Indonesia: Police Investigate Politician’s Facebook Post Mocking Papua Activist

Ronna Nirmala
Indonesia: Police Investigate Politician’s Facebook Post Mocking Papua Activist A Papuan student whose face is painted with the colors of the separatist “Morning Star” flag holds a poster during a rally near the Indonesian presidential palace in Jakarta, Aug. 28, 2019

Indonesian police detained a politician on Wednesday after he allegedly compared a black human rights activist from Papua province to an ape in social media posts that sparked anger in the mostly Melanesian region. 

Ambroncius Nababan posted a photo on Facebook of Natalius Pigai, a former member of the National Human Rights Commission (Komnas HAM), next to one of a gorilla along with a caption that read: “Brother, our vaccine is not Sinovac/Pfizer. Our vaccine is one for rabies.”

The post was in response to remarks by Pigai in a YouTube interview that he would refuse to receive a vaccine from China’s Sinovac Biotech and that vaccinations should be voluntary. 

In another Facebook post commenting on an article about Pigai’s avowed refusal to be vaccinated, Nababan wrote: “I’m very sorry, but the Sinovac vaccine is made for humans, not for gorillas.”

Nababan was summoned for questioning and named a suspect on Tuesday after police received a complaint from a Papuan youth group.

National police spokesman Rusdi Hartono said investigators had sufficient evidence to detain Nababan, a Hanura Party politician and member of the ruling coalition.

“(Nababan) is strongly suspected of having committed a criminal offense and has been detained,” Rusdi told reporters on Wednesday.

The politician could face five years in prison if convicted of violating a 2008 law to eliminate racism and discrimination, he said.

“The national police investigators will pursue this case in a professional and accountable manner,” Rusdi said, responding to concerns that Nababan could escape prosecution because of his political connections.

Nababan, who has been photographed with President Joko “Jokowi” Widodo and other officials, said he was sorry if people were offended by his posts, but denied any wrongdoing.

“I just copied and pasted the pictures,” Nababan said at the national police headquarters.

“I had no racist intent.
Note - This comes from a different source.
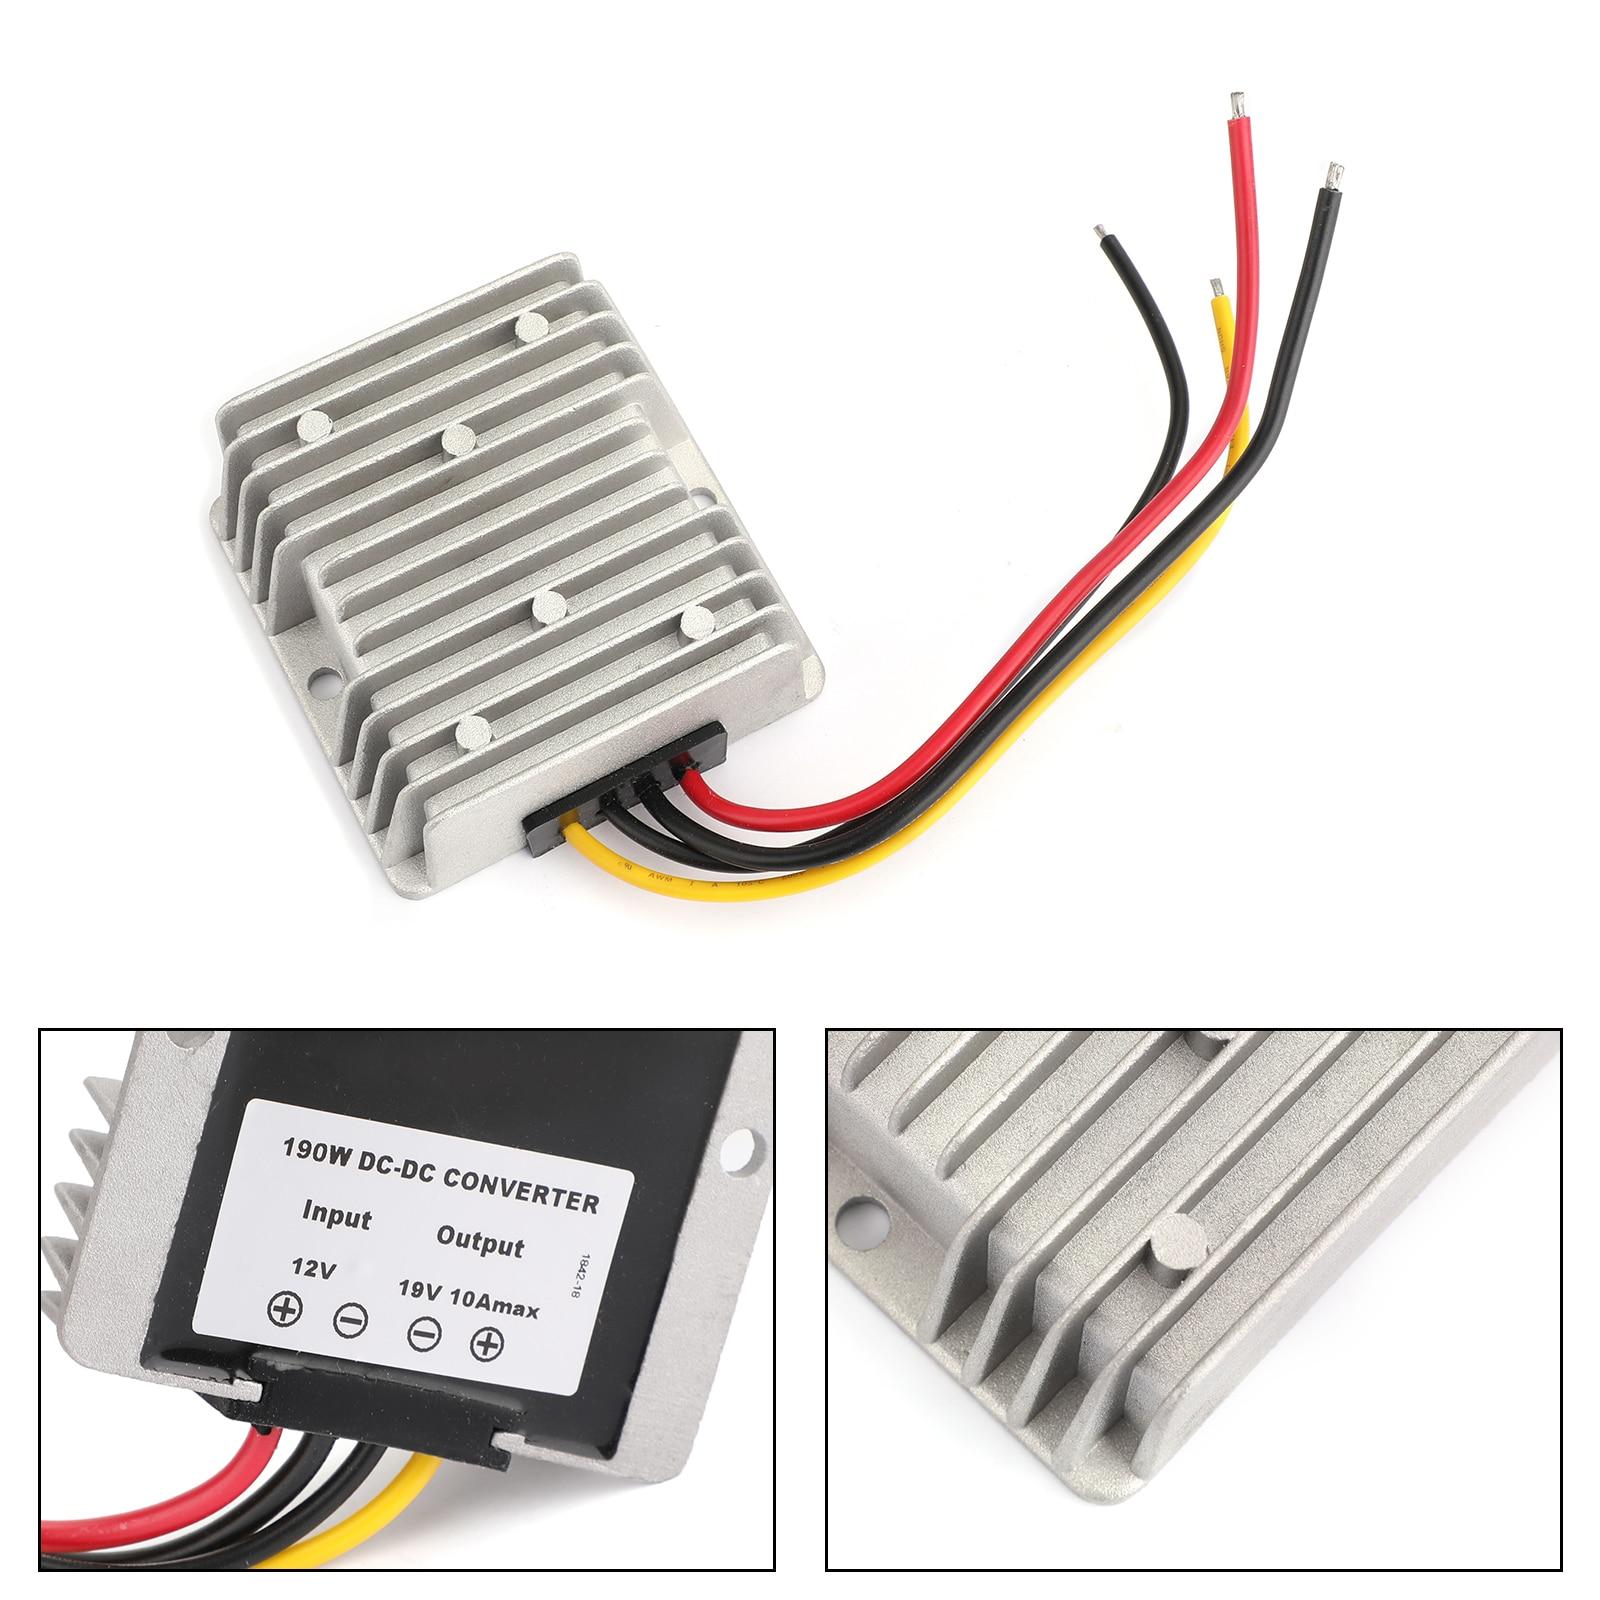 Areyourshop 12 فولت إلى 19 فولت DC-DC دفعة تصعيد محول طاقة الجهد 10A 190 واط وحدة منظم الفولتية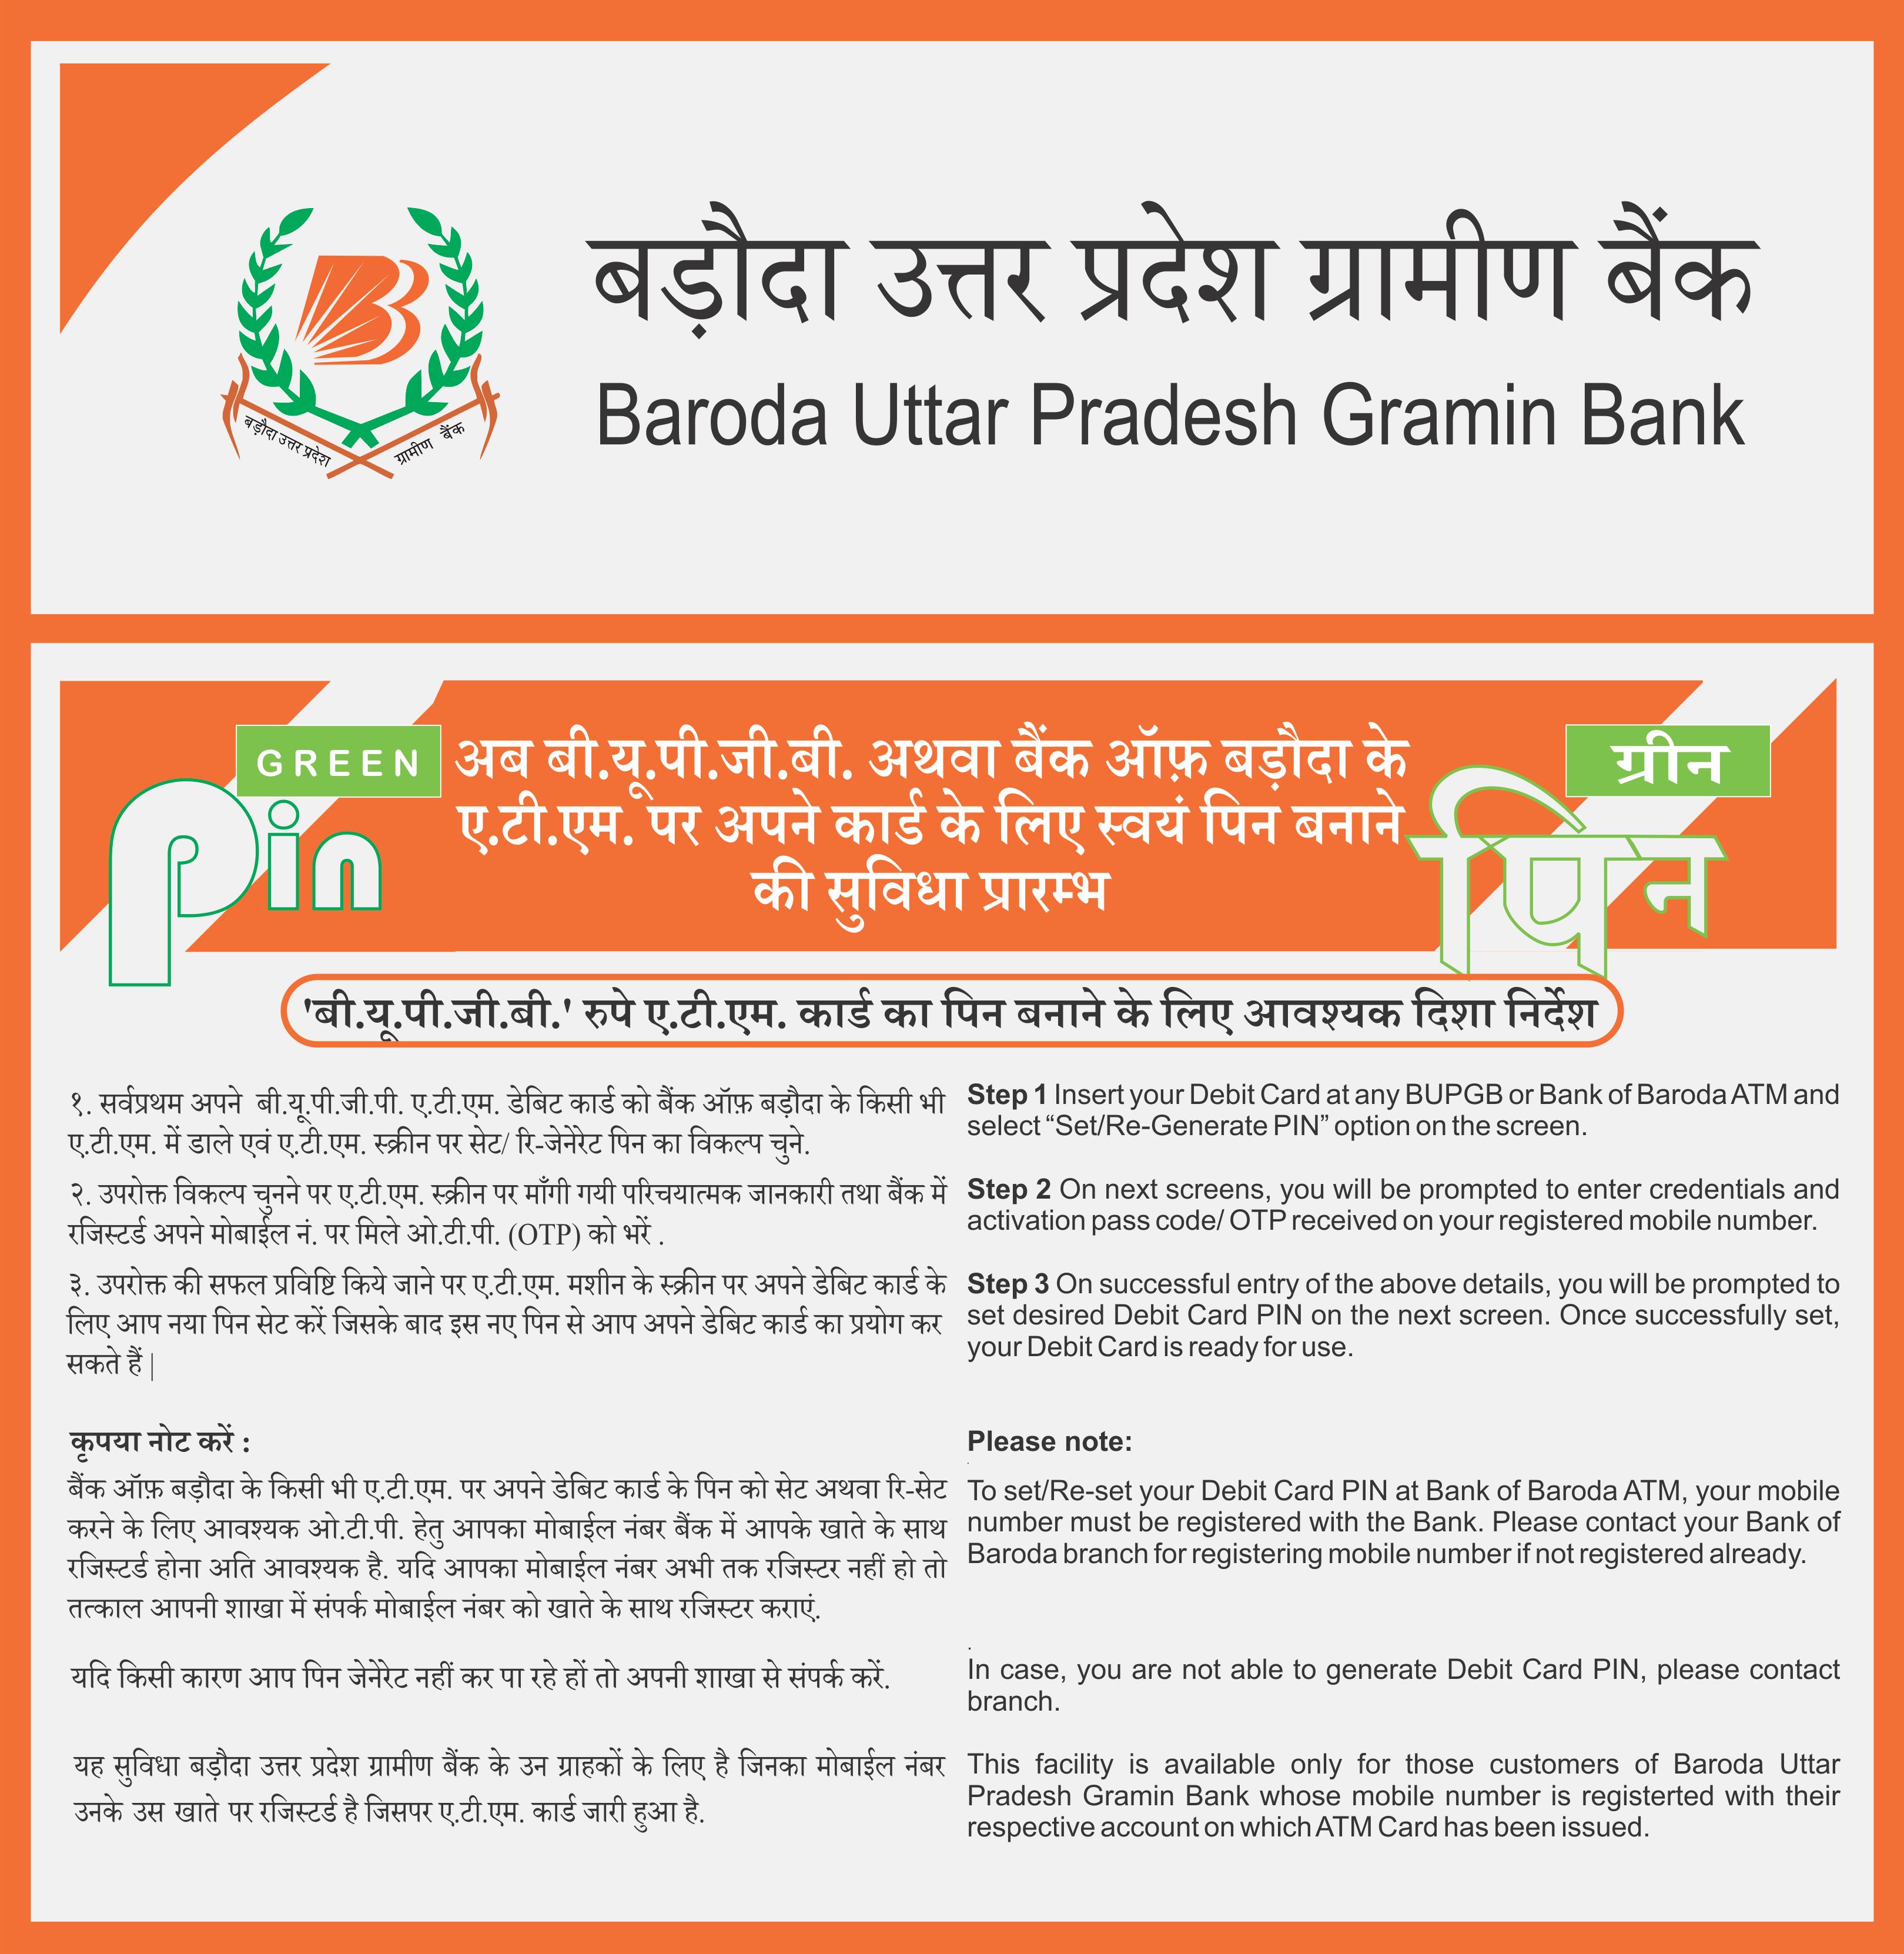 Baroda Uttar Pradesh Gramin Bank Baroda Uttar Pradesh

I was just criticizing Mr. Pigai that if he objects to Sinovac, that’s fine, everyone can disagree, but don’t make it public,” he said.

“I sincerely apologize to all the people of Papua. Please let there be no misunderstanding and miscommunication and I hope people understand and forgive,” he said.

Previously, Nababan said it was inconceivable for him to be racist toward Papuans.

“I was a candidate for the House of Representatives from a Papuan electoral district in the 2019 general elections,” he said.

Meanwhile, a community leader, Samuel Tabuni, said the posts upset Papuans.

“It is true that Papuans are angry. We have made a petition to demand that the person be punished in accordance with Indonesian law,” he said in a statement.

“Racist statements that denigrate Papuans have been rampant. It’s not about Mr. Natalius Pigai, he’s just a symbol,” he said. “In my opinion, the law must be enforced to show that this country does not allow things like that to happen.”

John Nasion Robby Gobay said Papuans often have been subjected to racist abuse while offenders faced no consequences.

Gobay, the second secretary of the Papuan Customary Council, urged people to remain calm and trust police to handle the case.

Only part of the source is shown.